For substrate, gravel is IMO the worst for holding nastiness and one of the hardest to keep clean. Gravel is also one of the hardest to plant. While the substrate like Eco Complete and Flourite are excellent for plants, they are also money pits when you are using them for a large tank. You only really the substrate 2-3 inches deep for most plants. I use sand in all of my tanks and that is my favorite substrate. Maybe not as fortified for plants the way the more expensive substrates are but that can be easily fixed with fertilizer tabs and liquid fertilizers for the plants. Definitely a cheaper option with 50lb bags only costing about $4-$7 depending on the type of sand you use. I use play sand, pool filter sand, and black beauty/diamond blasting sand in my tanks.

Good pick for the lighting. While they may have cost more upfront, they will pay for themselves in the long run with lower running cost and longevity of the bulbs. I want to switch all my tanks to LED.


----------



## Gizmo (Dec 6, 2010)

To prevent catastrophic flooding/canister filter failure, you can drill pinholes in the tubing just below the water's surface in your tank. That way, if the canister springs a leak, the pinholes will break the siphon before too much of the water drains. You'll have to drill holes in both the inlet and outlet hoses.


----------



## JenK (Dec 27, 2015)

That is a brilliant idea! Thanks!


----------



## Chillwill007 (Aug 20, 2010)

Yea with such a big tank go with safe t zorb. Much cheaper better for the plants then just gravel and gives a nice look too. Check out my link to my old 75g tank build. I have lots of pictures on setting it up with safe t zorb.


----------



## JenK (Dec 27, 2015)

That thread was very helpful, thank you.

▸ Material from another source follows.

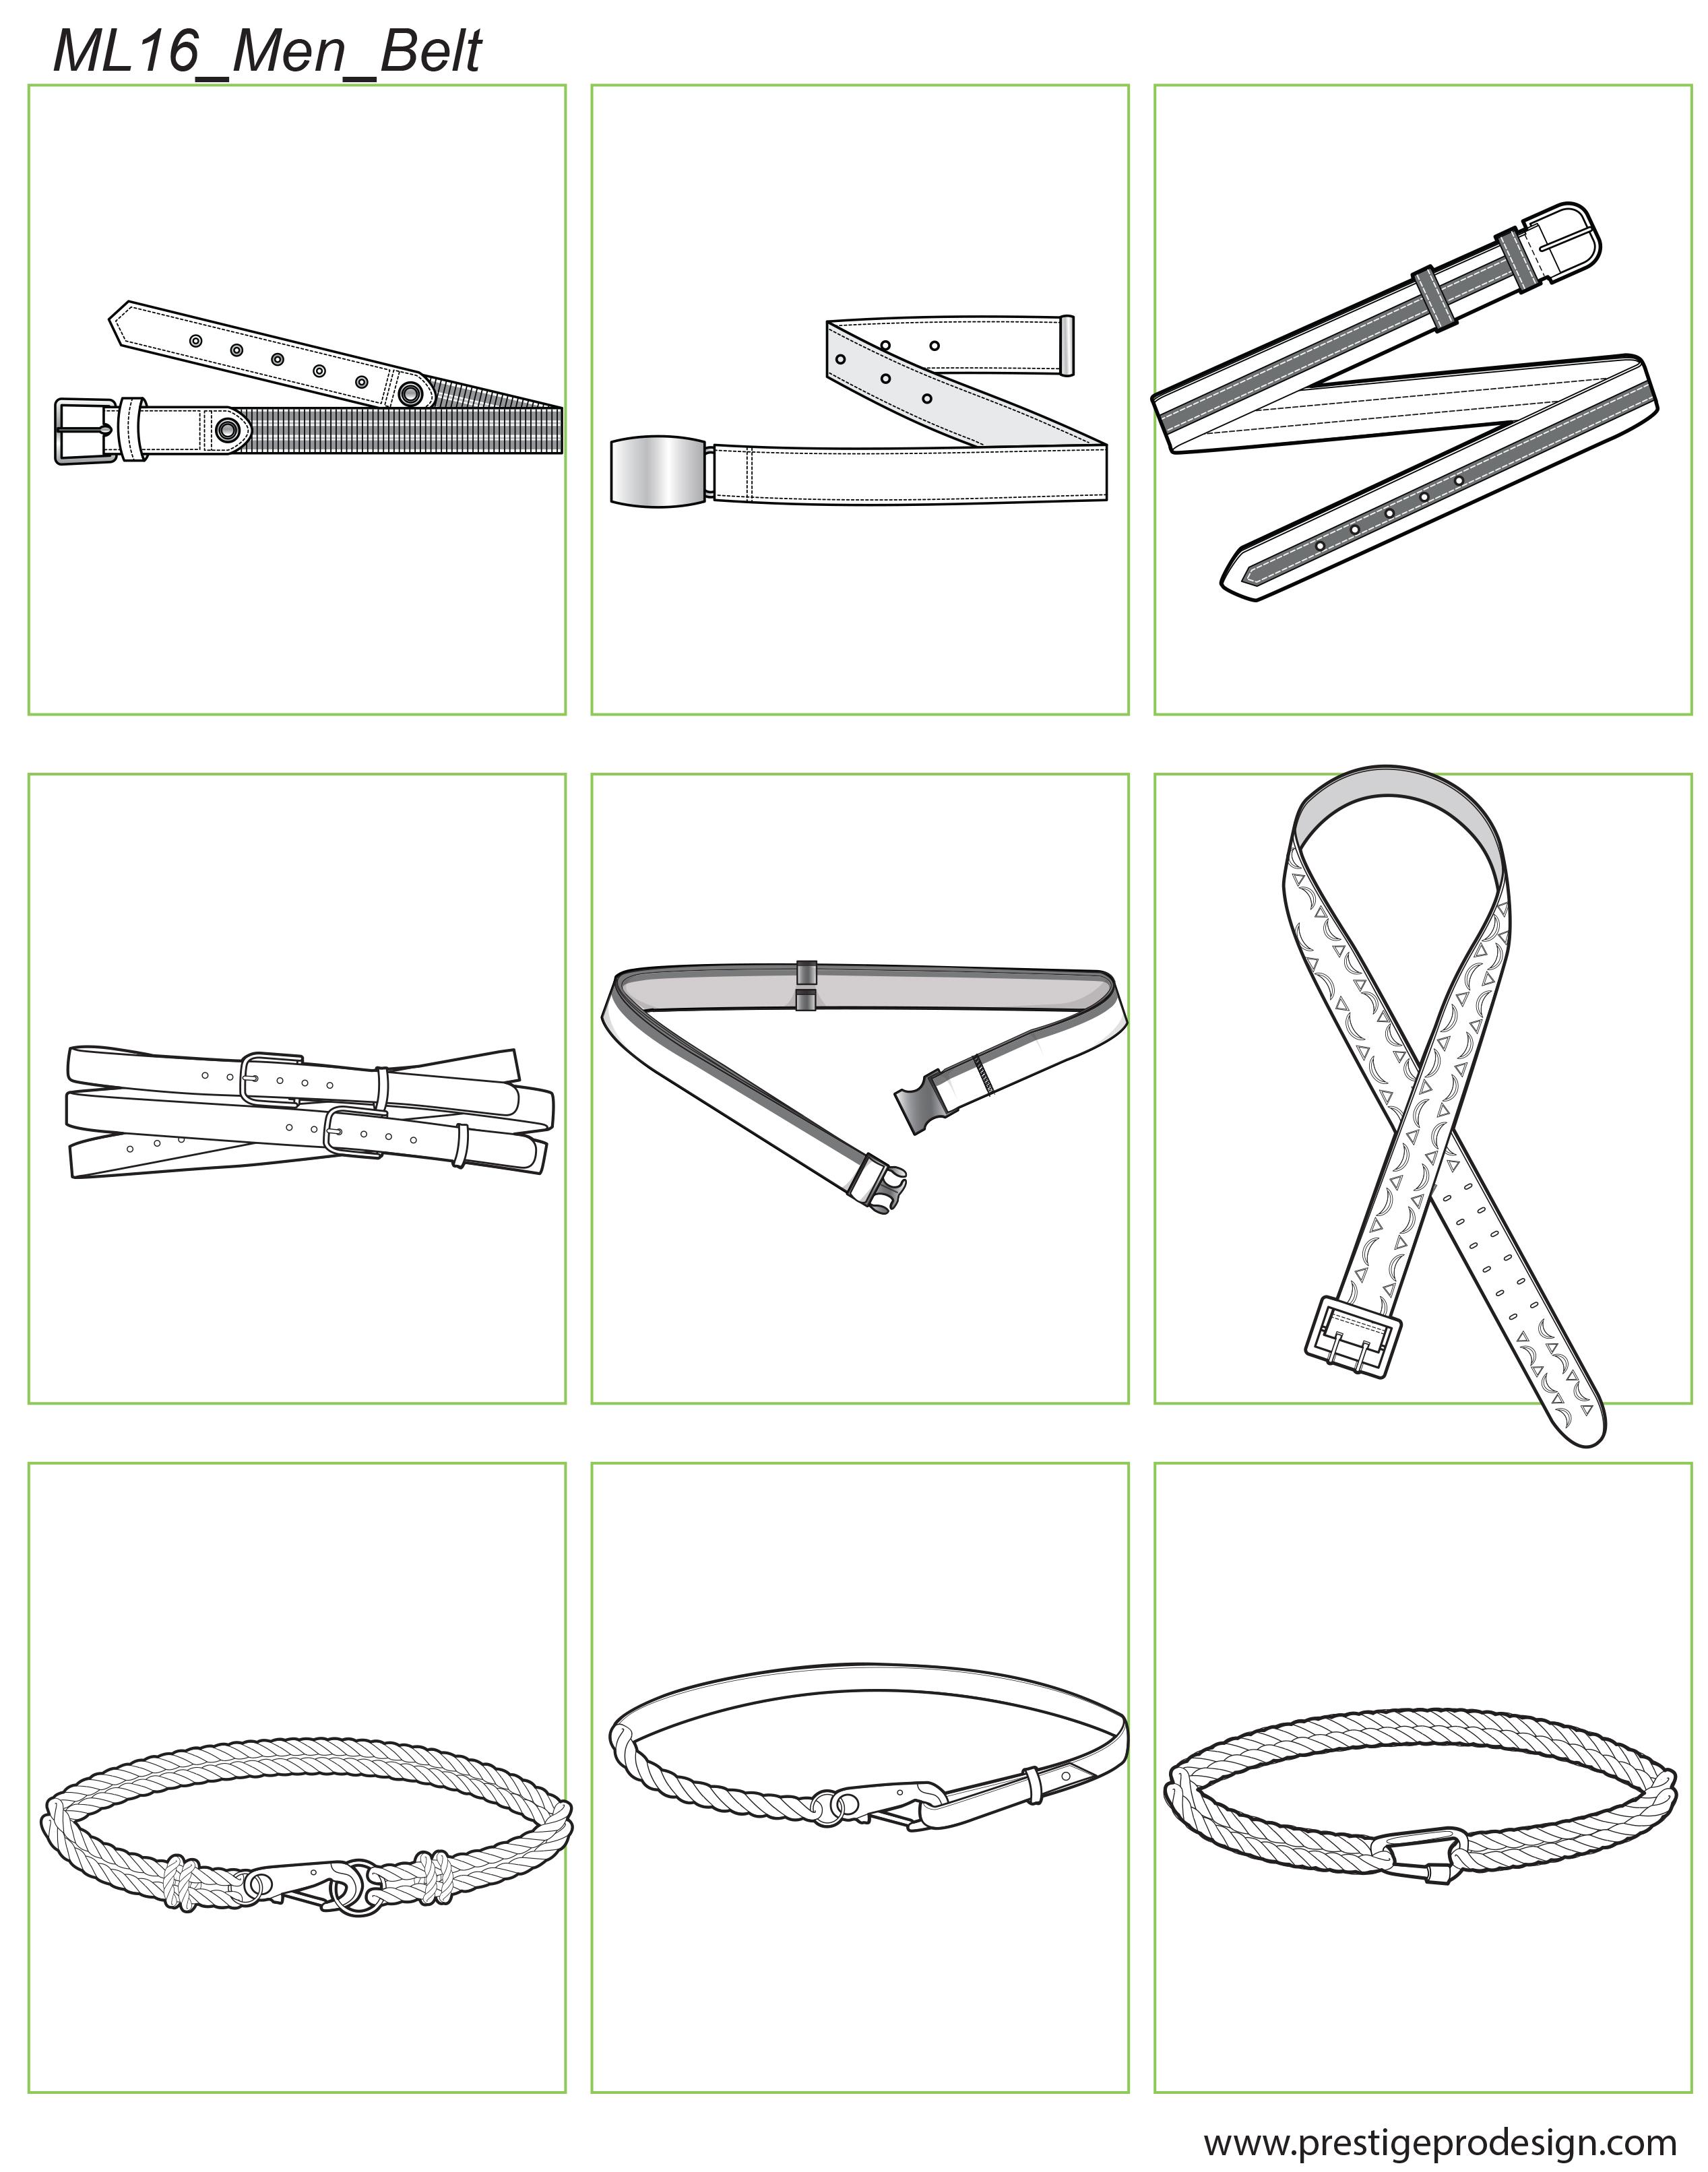 ML16_Men_Belt

Especially making sure to dump the bags outside!

Everyone in the tank seems to have settled in nicely. I LOVE the new LED lights, I have growth in plants that I was starting to suspect were plastic. All my plants are thriving thanks to the new changes (new lights, weekly water changes vs monthly, and fertilizer.)

The new rummynose are so perfect, but they have an odd quirk. They will not leave the end of the tank. It has dividers halfway to the top of the tank (so from the bottom to halfway up) and most of them will not leave that section, and in particular will not leave one corner. No one is really picking on them, they just don't seem to want to swim around. Any thoughts or ideas?


----------



## AcrylicSculptor (Dec 24, 2015)

Hey Jen,

I am using about 5 to 6 inches of eco complete substrate in my tank, since the substrate is so thick I'm using a gravel filter to generate water flow through gravel. Not really necessary for most tanks.. but it makes a great affect when the gravel is thicker in some places.


----------



## JenK (Dec 27, 2015)

So what is the advantage of having the filtration through the gravel?


Oh, and update, I bought 2 new heaters and put one at each end. The rummynose were swimming through the whole tank last night. I think maybe one heater was shot and just was not heating that end of the tank.


----------



## FishFlow (Sep 13, 2011)

I must of missed them. Where may I find the photos of your tank?


----------